In fact, Dr. Tu’s initial results weren’t published until the 1980s, 15 years after she started. And it took more than that to get a drug that she knew would be safe and effective against malaria. The researchers had to develop a derivative of the active ingredient, artemisinin so that the drug would stay in the body long enough to actually work against the malaria parasite.
But at that point, the drug still wasn’t available to anyone. Big Pharma had to step in at that point to bring Dr. Tu’s treatment to everyone:
A Swiss company, Novartis, finally broke the logjam. It bought a new Chinese patent on a mix of artemether, an artemisinin derivative, and lumefantrine, another Chinese drug, and took out Western patents, planning to sell it under the name Riamet at high prices to tourists and militaries; in 2001, it agreed to sell it nearly at cost to the W.H.O. under the name Coartem.
The money to buy the drug on a large scale became available with the creation of the Global Fund to Fight AIDS, Tuberculosis, and Malaria in 2002 and the Bush administration’s introduction of the President’s Malaria Initiative in 2005. Now, about 150 million doses of several combinations are bought for poor countries each year.

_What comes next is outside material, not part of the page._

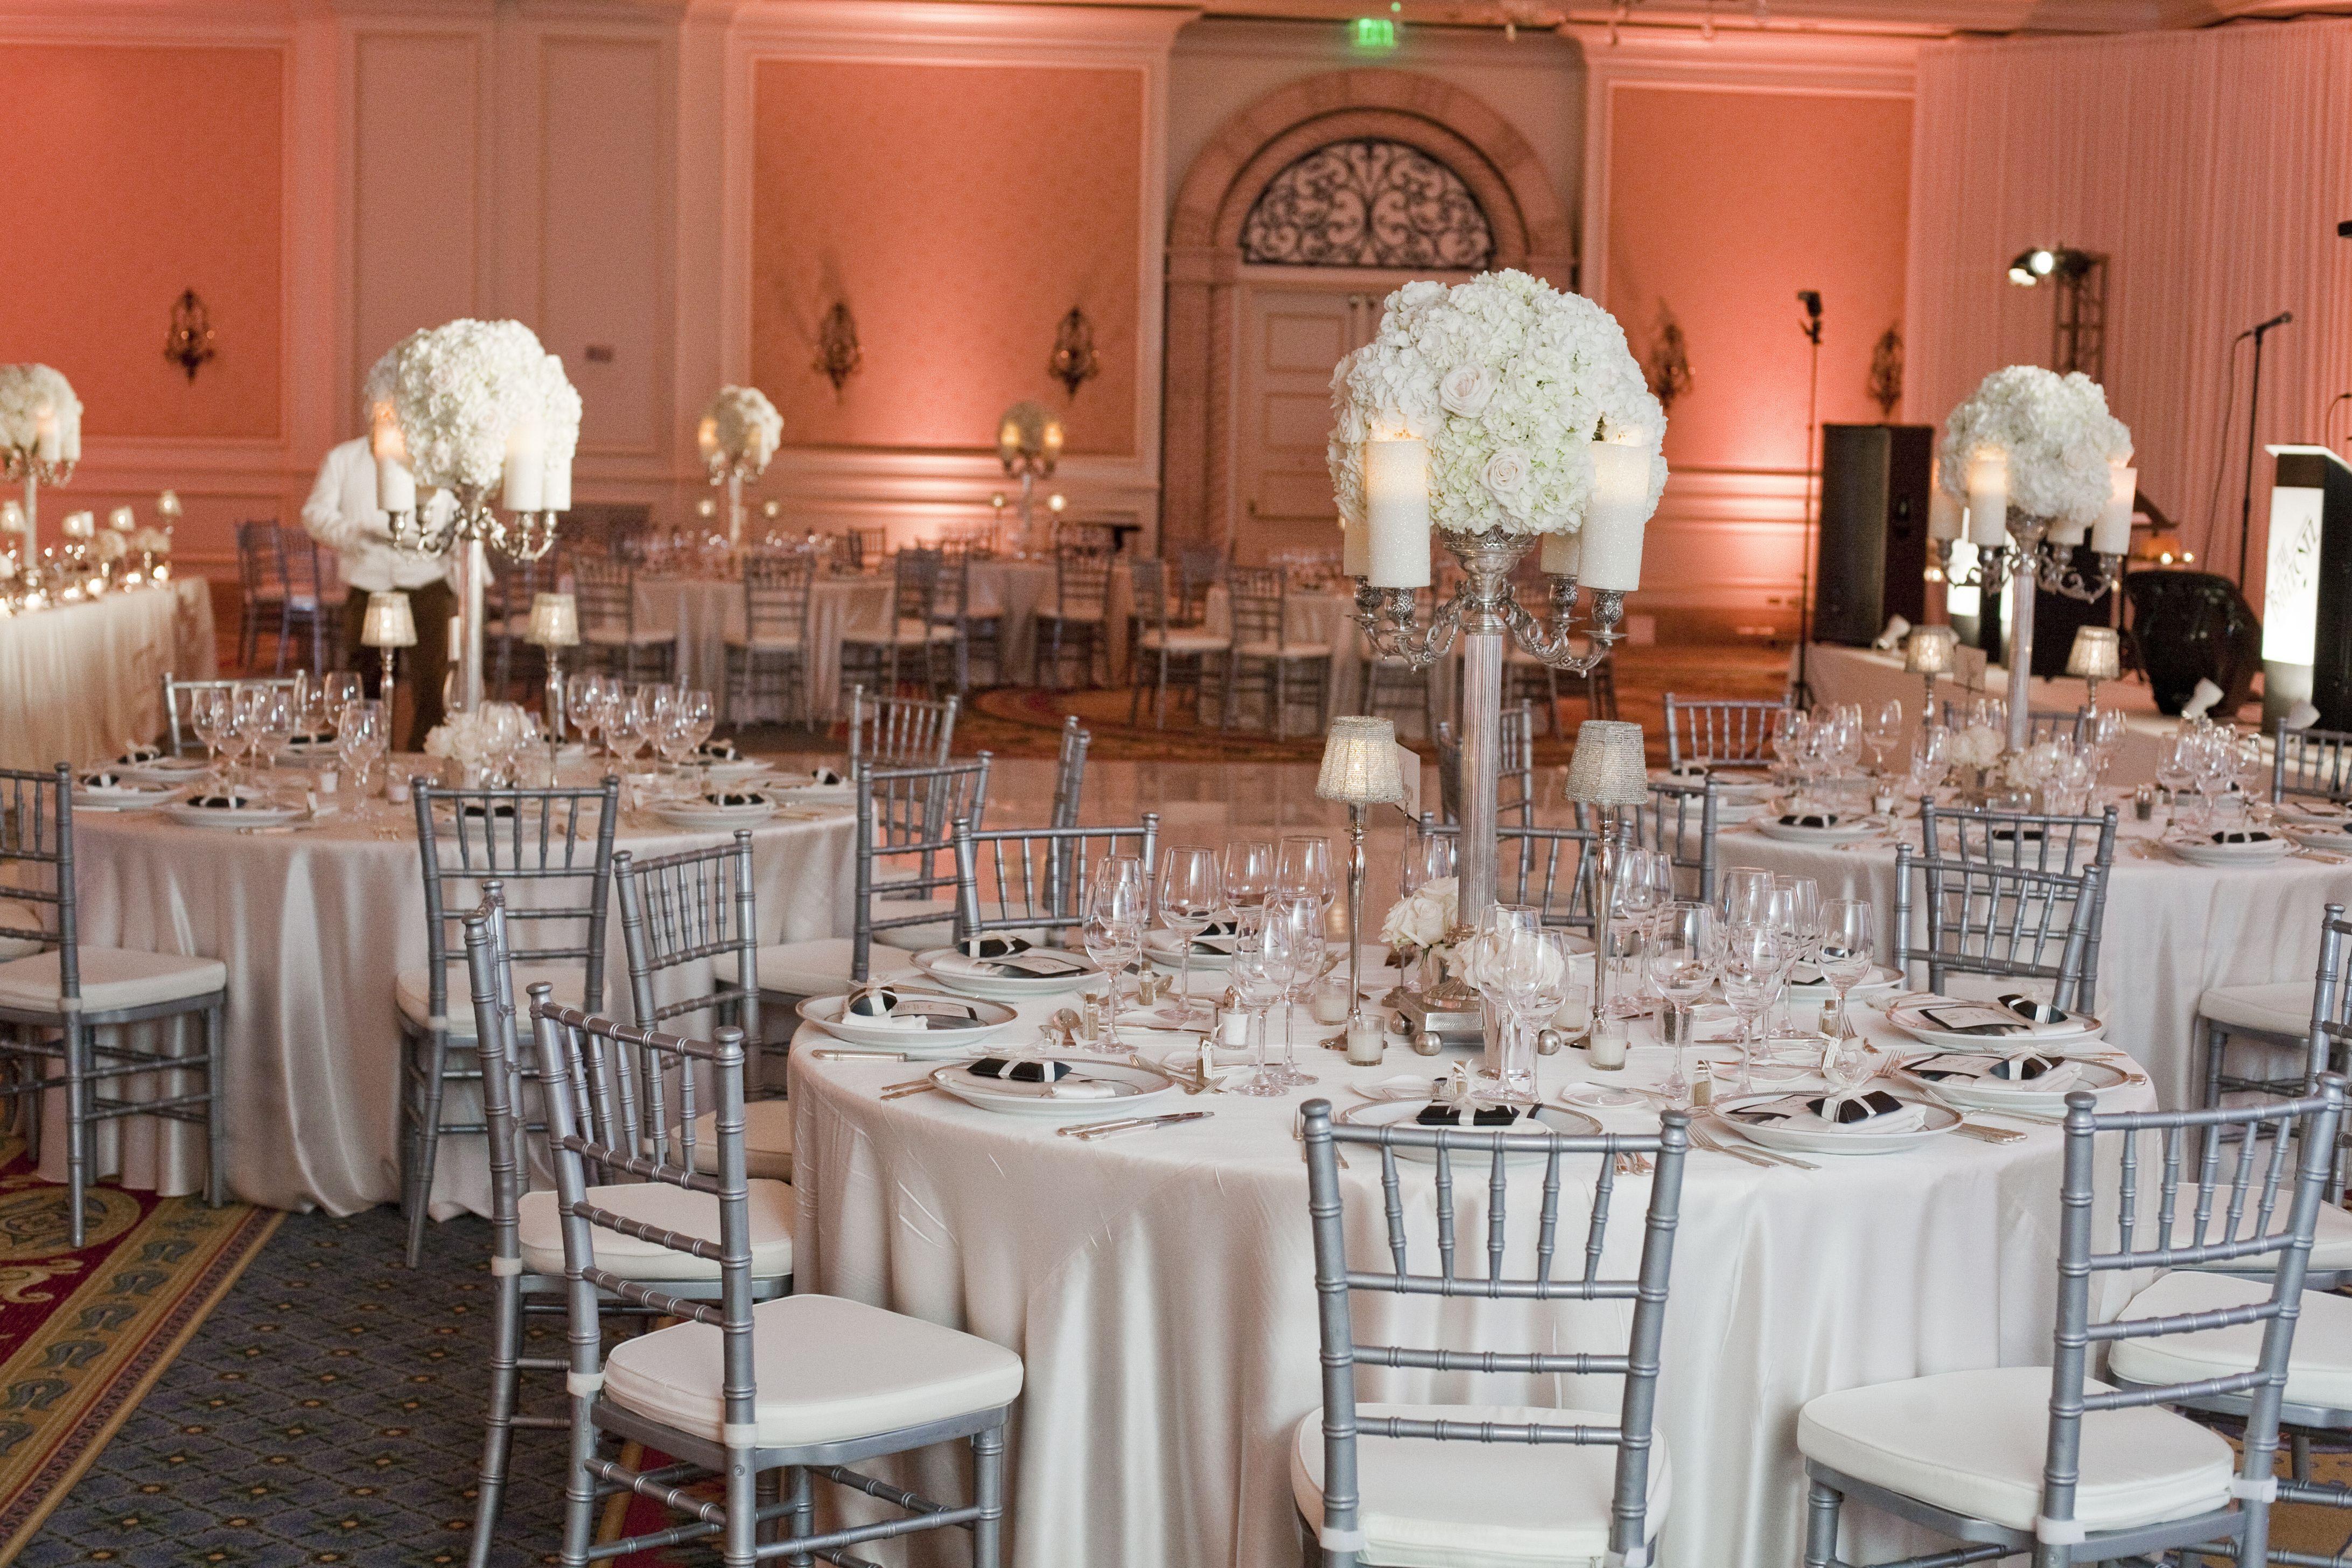 Tiffany Blue Wedding Chair Covers Personalized A Affair Inc Silver Chiavari Chairs At Ritz Carlton

it was a partnership between Novartis, one of the largest Big Pharma companies, WHO, governments across the world along with the Chinese government to bring this drug to everyone.

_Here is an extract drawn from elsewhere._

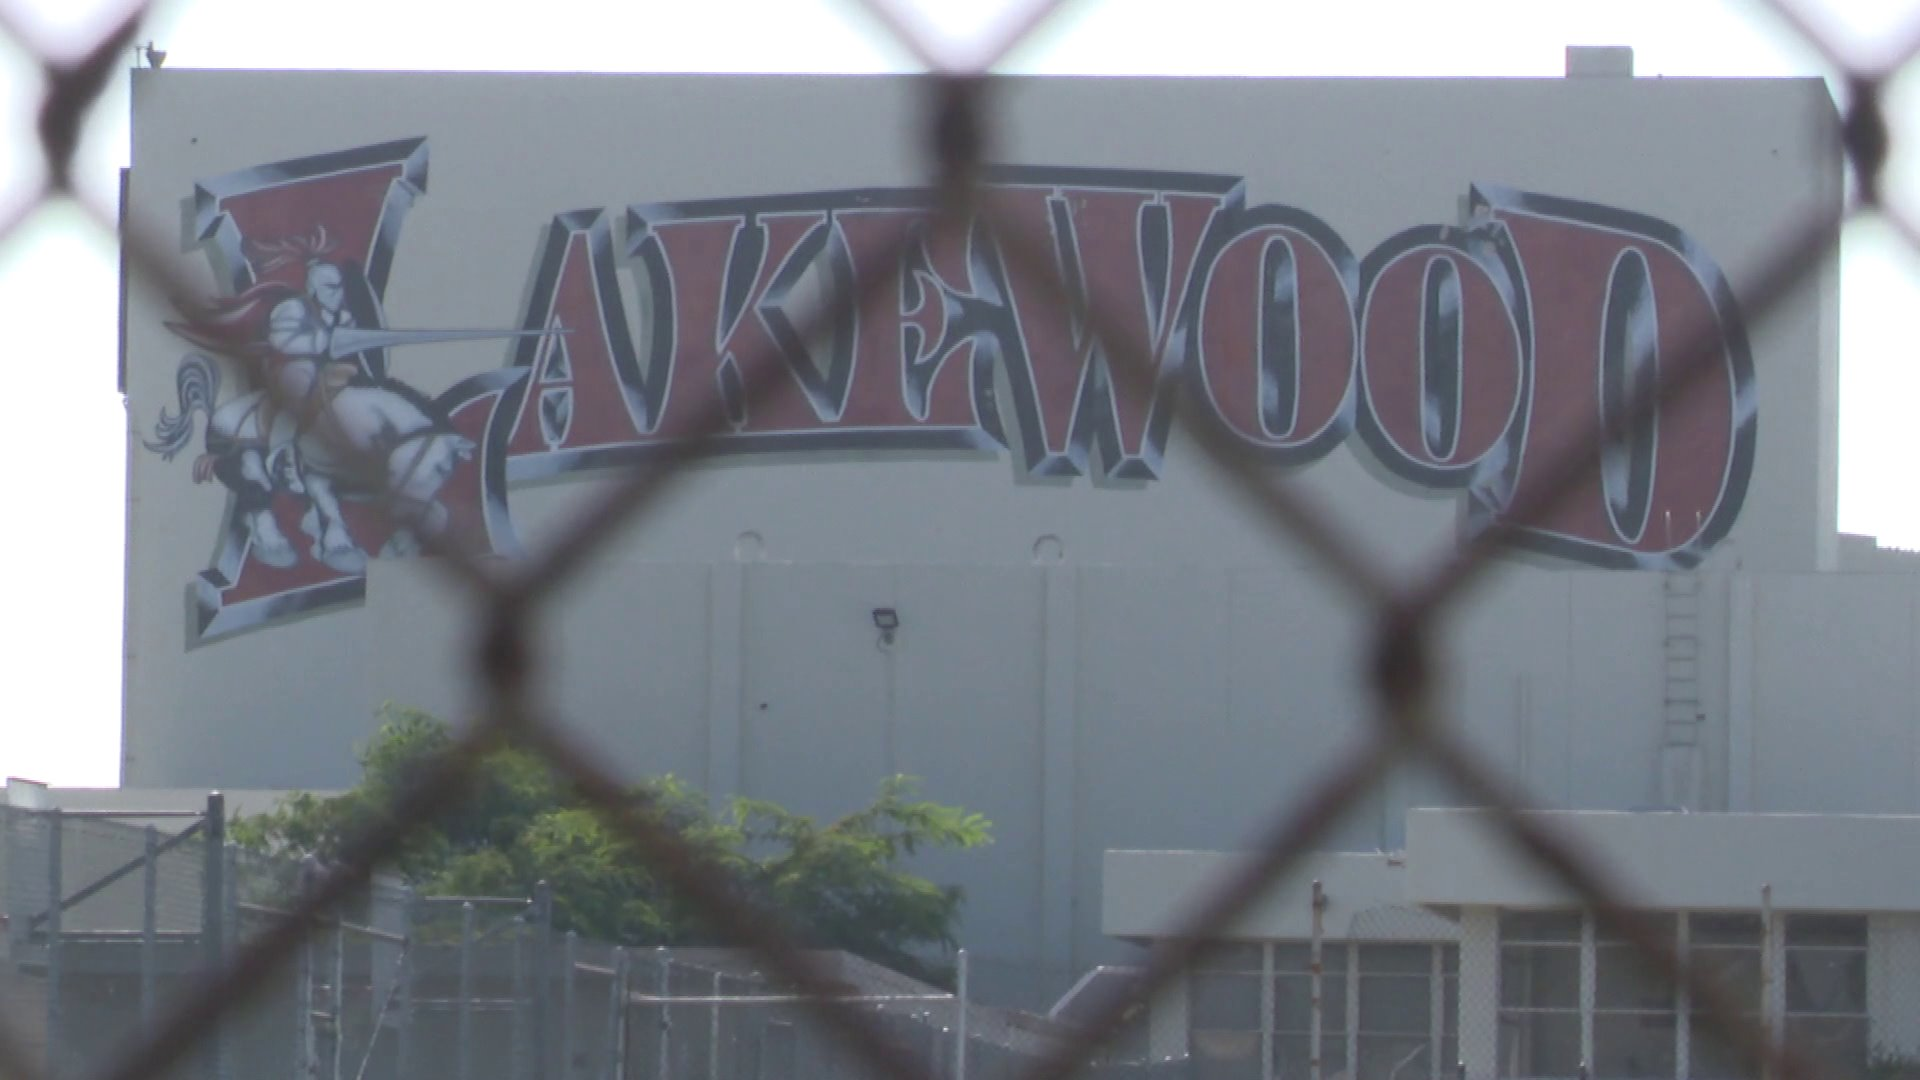 Lakewood High School on Briercrest Avenue in Lakewood is seen on Sept. 2, 2018. (Credit: KTLA)

The Nobel Prize has no relationship to TCM
The relationship between the Nobel Prize and traditional Chinese medicine is non-existent. Yes, the original claim that qinghaosu might treat malaria was found in some ancient text. But it did it wrong, by boiling it in water. And there were over 3000 failed ancient treatments to the one that worked. That’s not even good random luck.
People are saying the same thing about ivermectin, the anti-helminthic drug that treats parasites. Quacks are pushing it as a treatment for COVID-19, using the argument that it won a Nobel Prize. Well, the drug didn’t win a Nobel Prize, the researchers, William Campbell and Satoshi Ōmura, won it for developing the treatment for roundworm infections. Ironically, and I mean ironically, they shared the 2015 Nobel Prize in Physiology and Medicine with Dr. Tu.
So, if you’re going to make some claim that Dr. Tu’s research somehow confirms Traditional Chinese Medicine – don’t. Because it doesn’t. It took a brilliant medical researcher using scientific research skills and Big Pharma to bring one, and I mean one, Chinese herbal drug to the market. And it took 30 years. And an unknown amount of money.
There is no Western medicine that’s somehow worthless compared to Traditional Chinese Medicine. There is medicine, which is supported by vast amounts of evidence, or there’s magic, belief, and nonsense, supported by nothing.
The Nobel Prize for medicine given to Dr. Youyou Tu is a confirmation of her dedication to real biomedical research. That’s it, nothing else.
Key citations
- Li GQ, Arnold K, Guo XB, Jian HX, Fu LC. Randomised comparative study of mefloquine, qinghaosu, and pyrimethamine-sulfadoxine in patients with falciparum malaria. Lancet. 1984 Dec 15;2(8416):1360-1. PubMed PMID: 6150365.
Notes
- In China, Dr. Tu would be known as Tu Youyou, as the family name comes first. To reduce confusion, I have Westernized her name to Youyou Tu.